Now what about for $-z$? If you think about $-z$, you're going to get the same answers here. You're going to get that $r=2\sqrt{2}$, and if I take $\arctan\left(\displaystyle\frac{-\sqrt{2}}{-\sqrt{6}}\right)$, that's $\displaystyle\frac{\pi}{6}$.

So what happened here? What are we doing? What's really going on? So we have to be careful, and what's happening here is that instead of being in the first quadrant, we're all the way around in the third quadrant. We've looped around by $180^{\circ}$.

So well now to get your final answer, instead of saying it’s $\displaystyle\frac{\pi}{6}$, add $\pi$ to it. That'll give us $\displaystyle\frac{7\pi}{6}$, and that's where our $-z$ point is.

So that's it for converting standard to polar form, that's it for modulus and Properties of Conjugates and complex numbers. It’s a brief overview, in this video, but I think the ideas are fairly clear.

A lot of you have seen this before as well, so I'm not too, too worried about spending a lot of time with the gory details. If anything here is unclear, or if you don't know anything that I've said, it's a good idea to work it out. Try to pencil and paper out some of the proofs, try introducing coordinates, try doing some of these problems without coordinates if you can.

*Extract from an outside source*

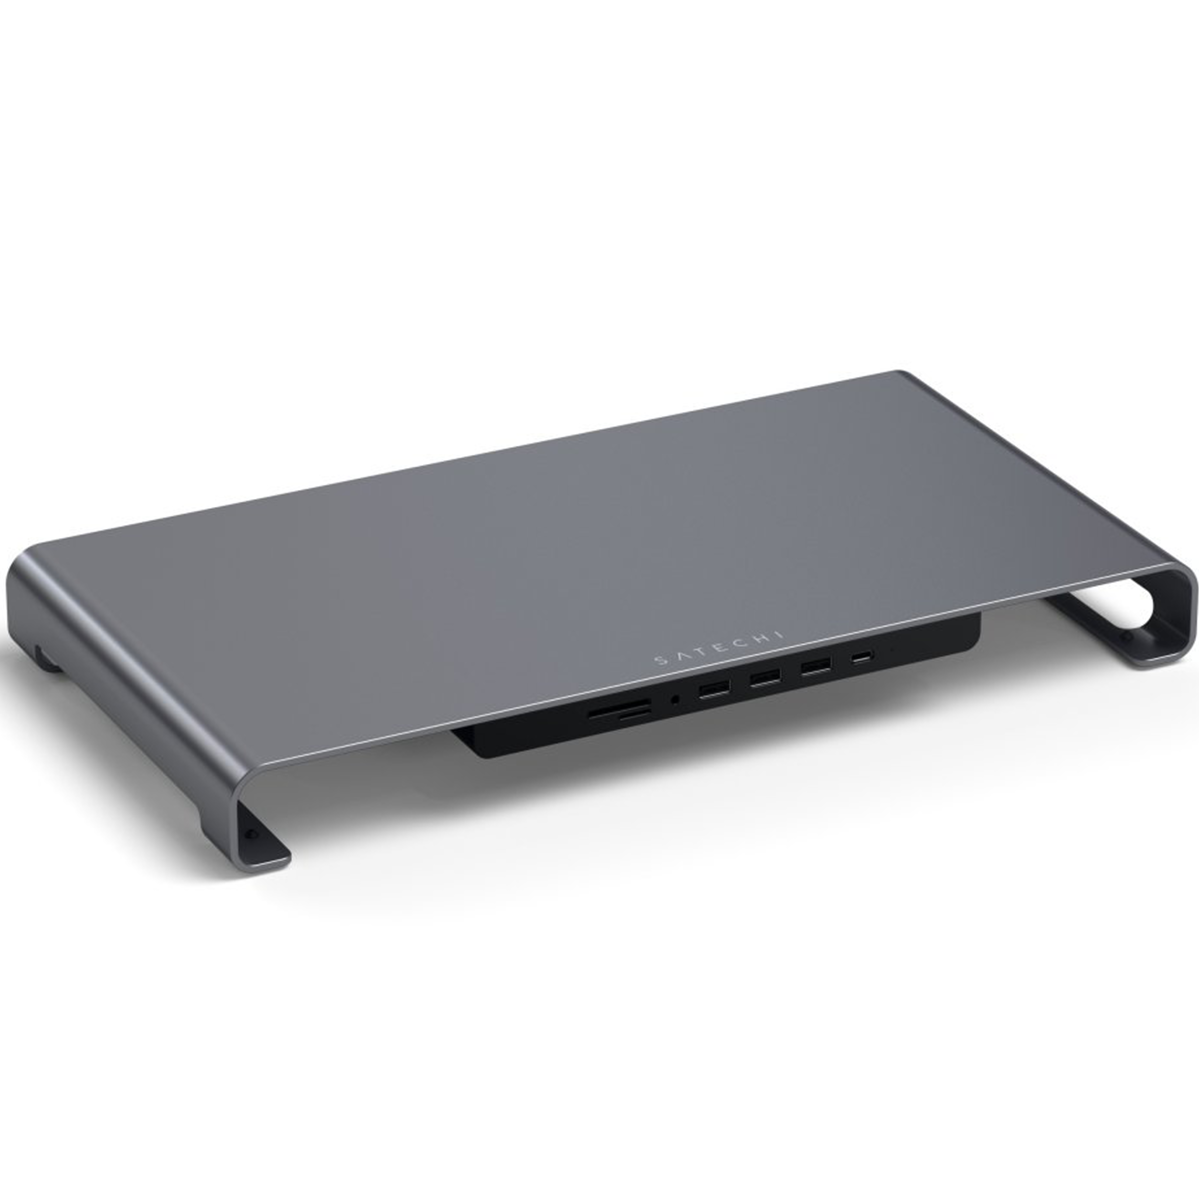 Подставка для iMac или монитора Satechi Aluminum USB-C Monitor Stand Hub XL - Space Gray (ST-UCSHXLM)

Some of the proofs, especially in the Properties of Modulus, there’s a couple of those proofs that you can do without going to coordinates. Just remember that when you're dealing with like a length, a modulus, you can square both sides and that usually makes the computation easier. That's all I have to say, so thank you very much for listening and good luck.